YOUR INSTRUCTIONS:
Any image in the records is to be dropped, and everything else duplicated precisely.

SUPPLIED MATERIAL:
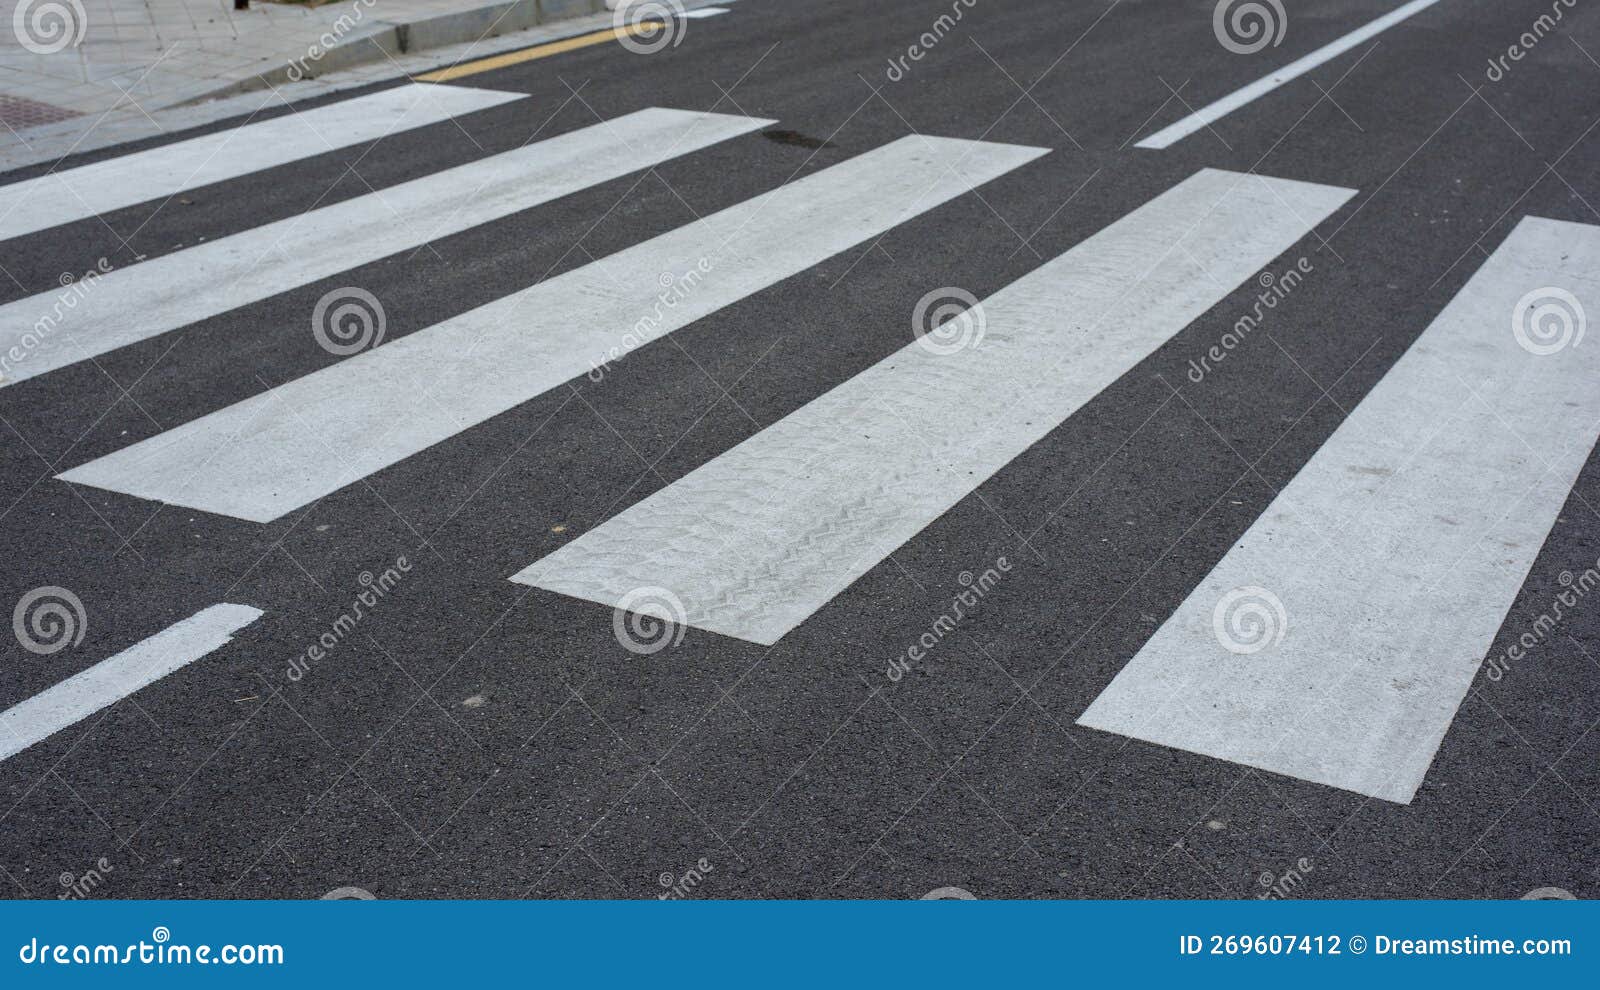 zebra crossing painted on the asphalt of a street
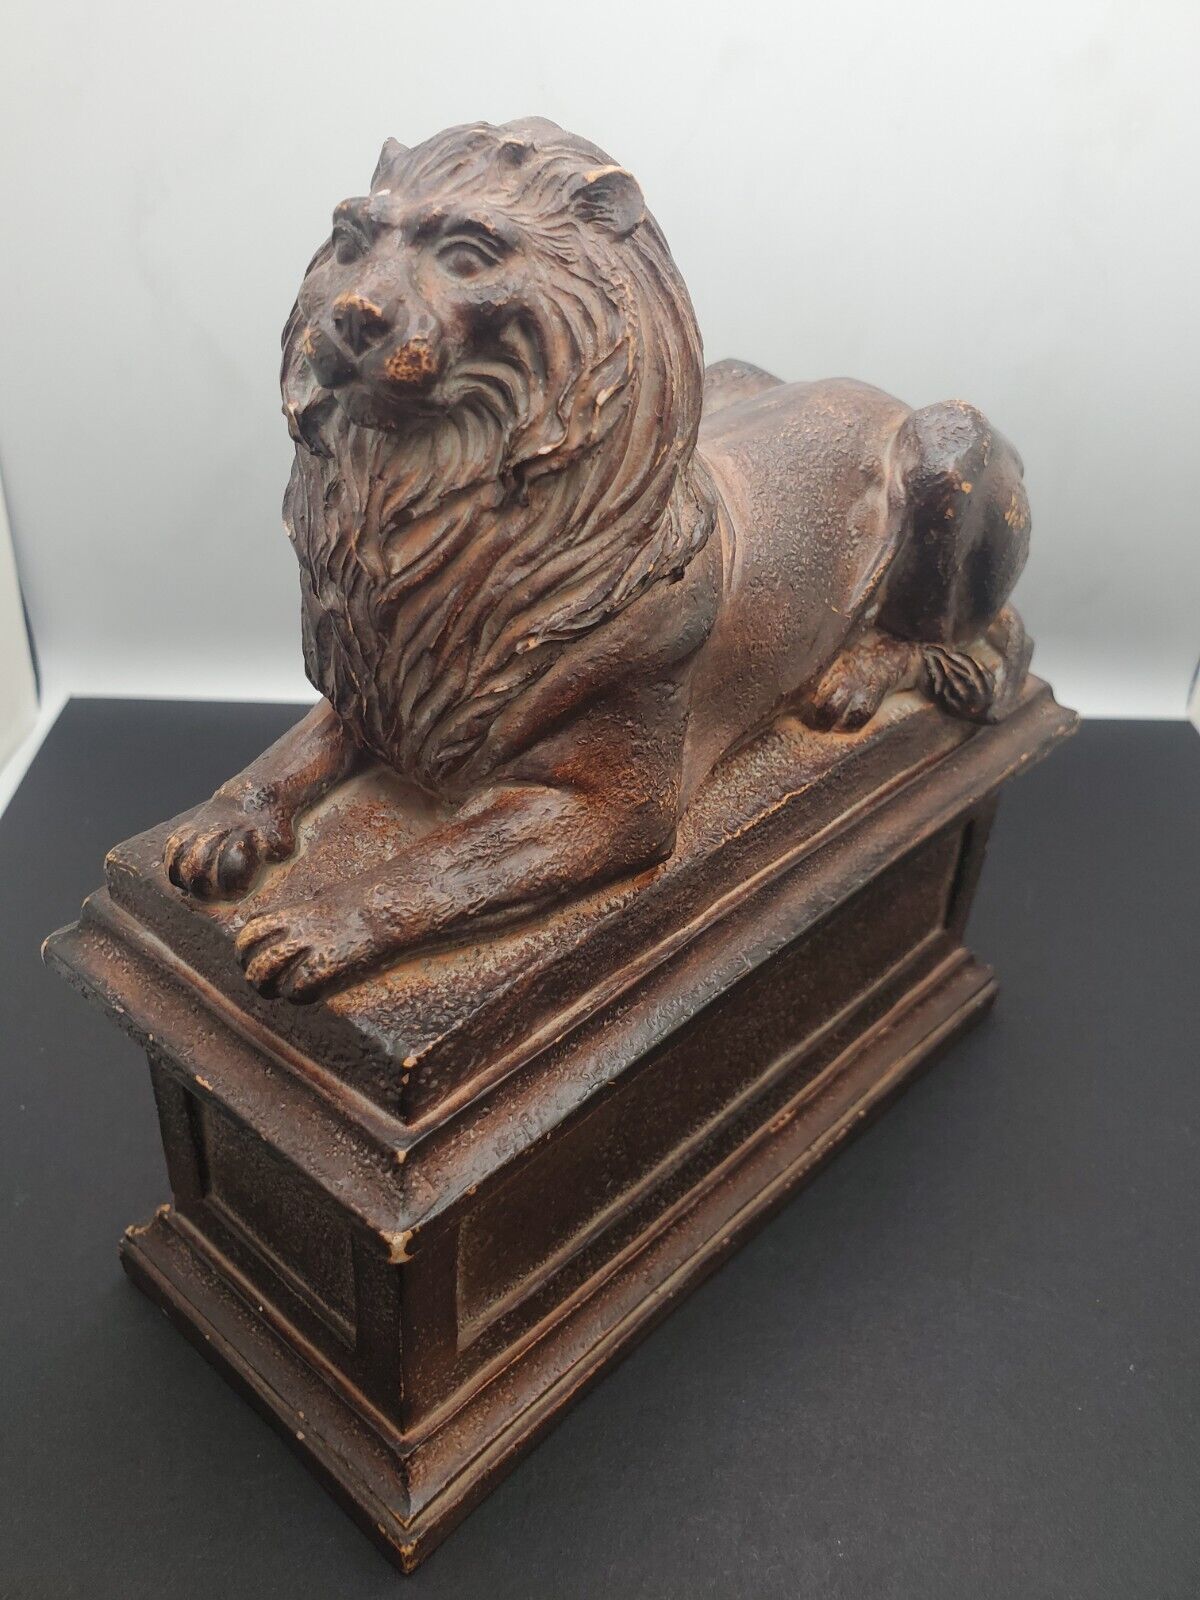 Lion Figure Lying On A Pedestal Sculpture
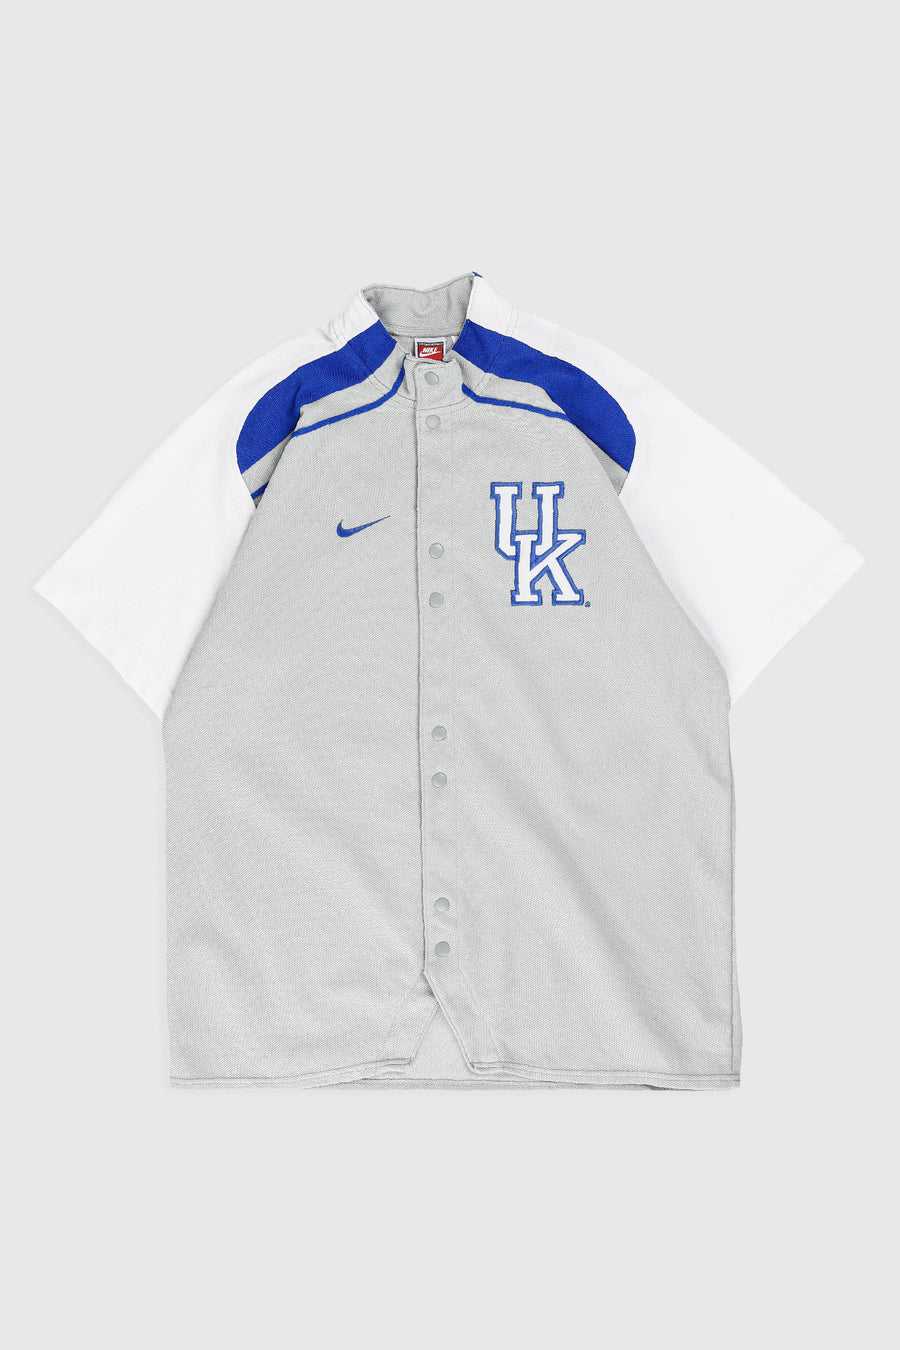 Vintage Nike Kentucky Tearaway Shirt - L
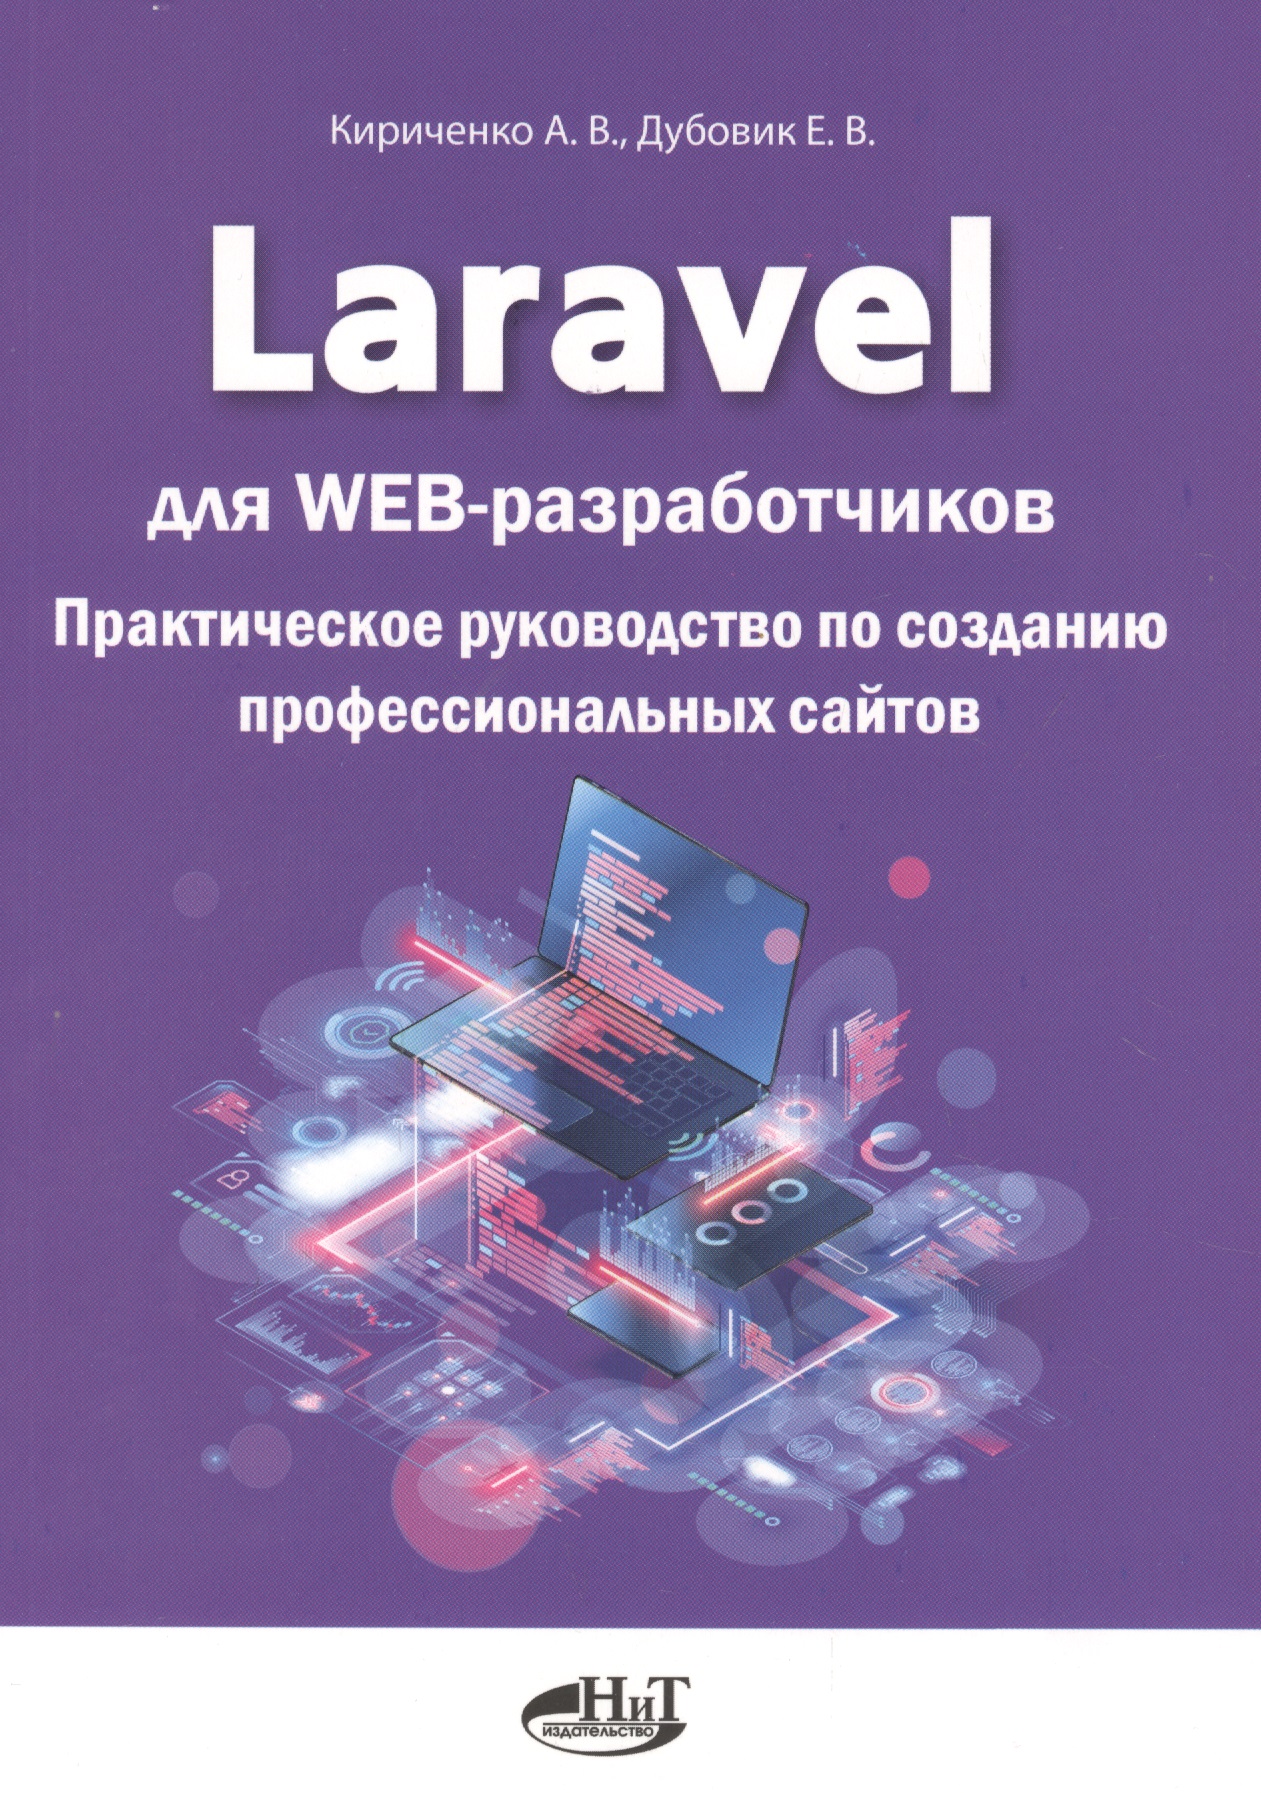 Laravel  web-.      
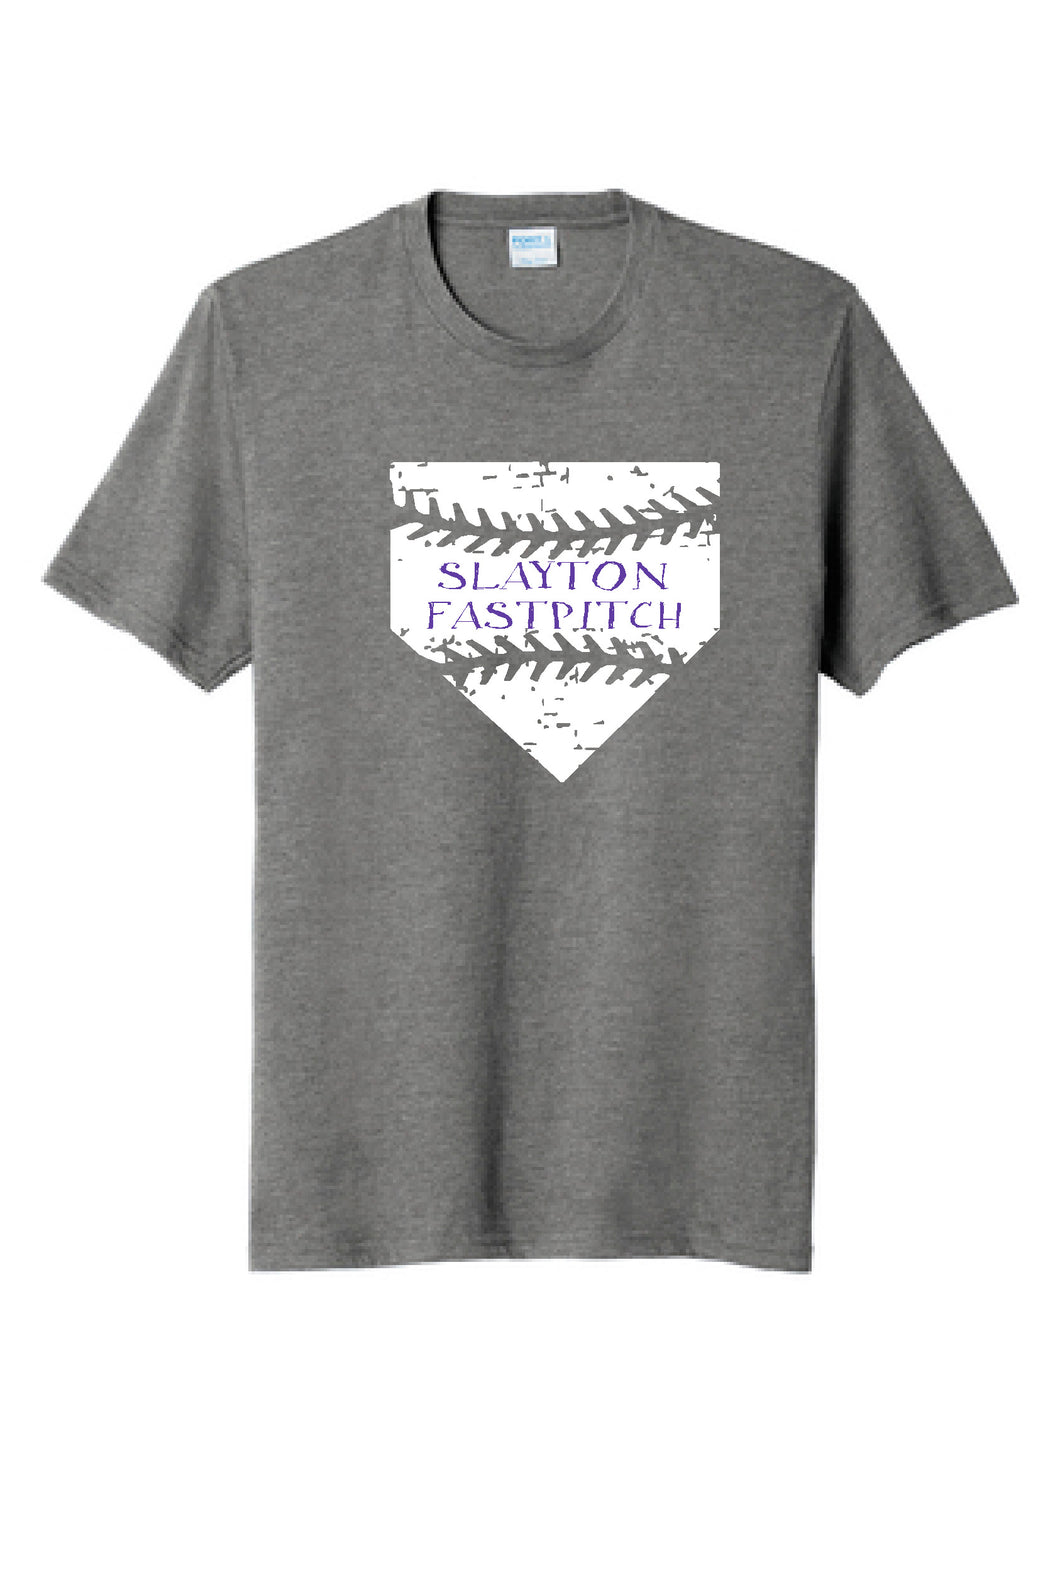 Slayton Fastpitch Softball Port & Co.  T-Shirt

PROBLEM SOLUTION:
 zebra crossing painted on the asphalt of a street
 Lion Figure Lying On A Pedestal Sculpture
 Vintage Nike Kentucky Tearaway Shirt - L
 Laravel  web-.      
 Slayton Fastpitch Softball Port & Co.  T-Shirt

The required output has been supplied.